Я посмотрел на них. Я понимаю, Сталинскую премию выдали Вирте. Всё же он кое-что сделал для литературы, но Нилин… Этот деляга из мелких журналистов и из мелких воришек Сибири всегда наполнен жаждой славы. Будучи вором, он ненавидел крупных налётчиков за большую славу их, будучи агентом угрозыска, он ненавидел своего начальника за власть над собой, будучи журналистом, он ненавидел писателей за их славу. Никого из людей он не считает достойным иметь то, что они имеют. Всё, кажется, ему распределено незаконно. Люди получили ордена – незаконно, Павленко и Вишневский имеют славу – незаконно и т. д. Он вечно снедаем желанием выпрыгнуть на арену и зарычать. Он ночами и днями просиживает стулья и ломает карандаши – пишет, пишет и пишет… Для чего? Для того чтобы увековечить славу народа? Нет. Для того чтобы рассказать людям о том, что он знает? Нет. От переполнения материалом? Нет. От любви к русской литературе? Нет. Только чтобы как-нибудь прославиться, выдвинуться, стать выше хотя бы на административной литературной лестнице СССР.
Он ненавидит известных писателей, он говорит о Серафимовиче: «Это же не русский писатель, это ерунда». Он только в этом году прочитал его, так же как и Шолохова. Вообще ему не остаётся времени читать других писателей, раз имеется Нилин.
Я живу над ним в злополучной даче № 23. Я изучаю его.
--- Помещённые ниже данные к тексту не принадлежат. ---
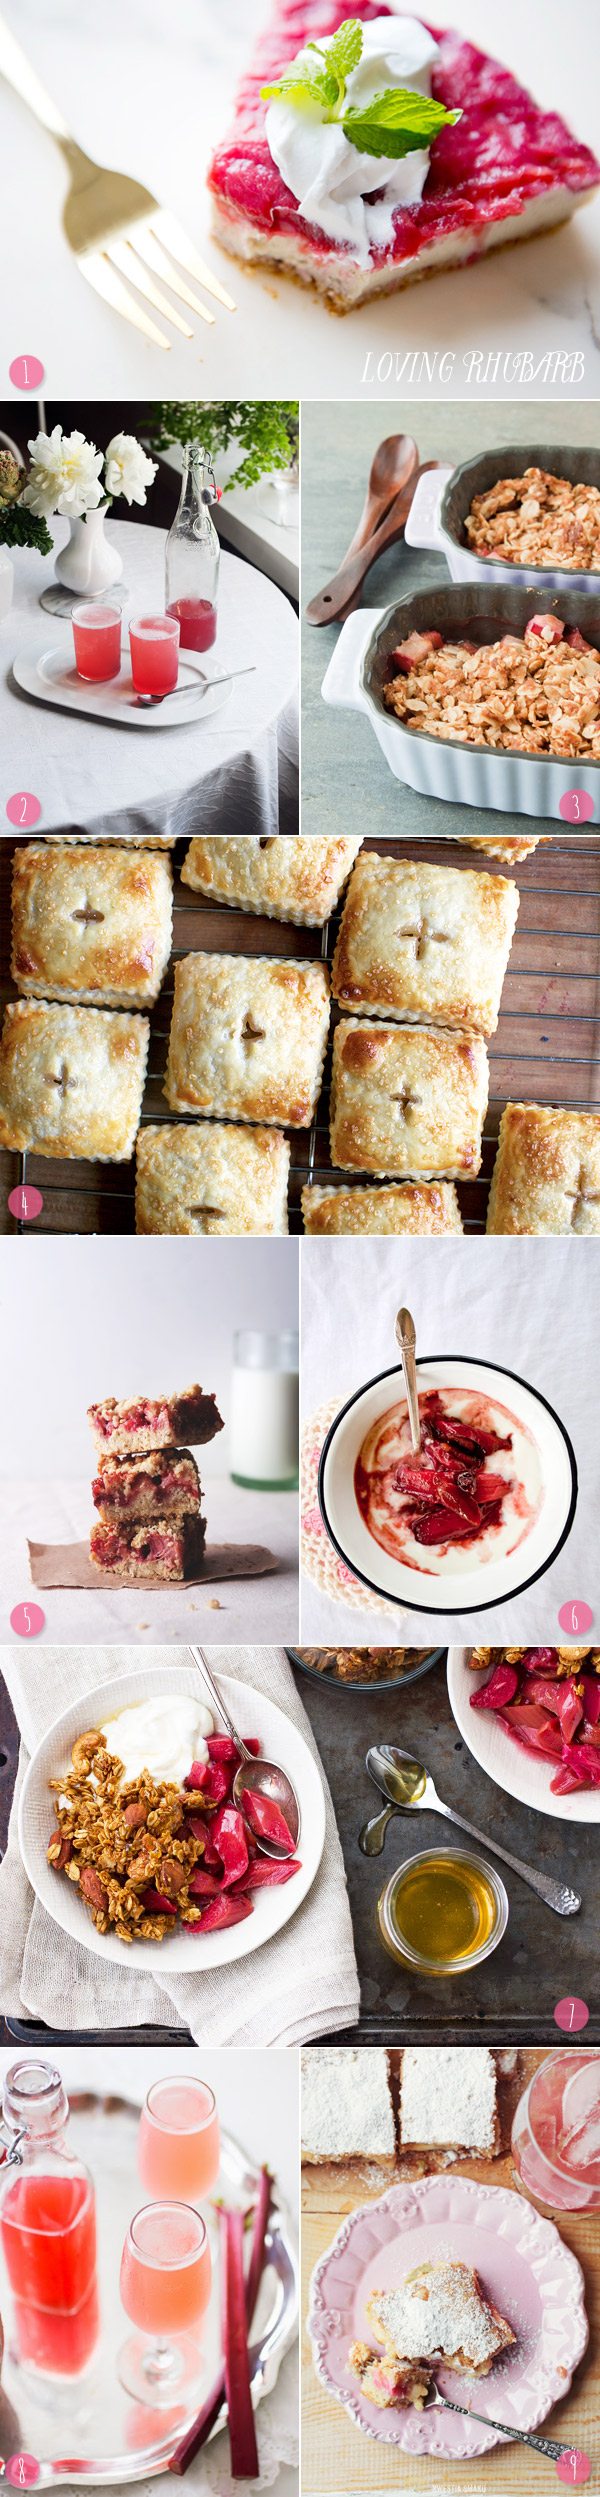 9 Rhubarb Dessert Recipes

Я поражаюсь: неужели в лице его рождается этот новый класс серого дворянства, который засосёт наши одряхлевшие революционные идеи? Нилин развёл дворню и гордится этим, он пытается заполучить знакомства из высокопоставленных особ, он порвал со своими старыми друзьями, ибо они недостойны его, ибо стоят ниже его на иерархической лестнице. Он не прочь с демократичностью барина заигрывать с простонародьем и после рассказывать о своей демократичности.
Я наблюдал, с какой головлёвской озлобленностью и человеконенавистничеством он выселял живущих в даче Чуносовых – сторожей. Когда умирал старик Чуносов, он ханжески жалел его и одновременно желал его смерти; когда вдова осталась одна, он проявил бездну изобретательства и маккиавелизма, чтобы выбросить её на улицу.
Это человек, который может свободно зарезать другого человека, вплоть до своей родной матери, и, спокойно отерев нож о полу пиджака, сказать: «А жаль было старуху, ведь старуха была необыкновенной силы…»
Я боюсь этого соседа. Он пробуждает во мне мистический ужас. Я не могу встречаться с ним. Я робею. И эту, вероятно, робость он расценивает как преклонение перед ним или как зависть. Не знаю…
Я боюсь рождения на нашей земле вот такого мрачного поколения людей, безыдейных, похожих на погромщиков, на охотнорядцев. Только преступная среда могла выбросить на арену жизни такого человека, лишённого основных моральных качеств и завуалированных умно и хитро…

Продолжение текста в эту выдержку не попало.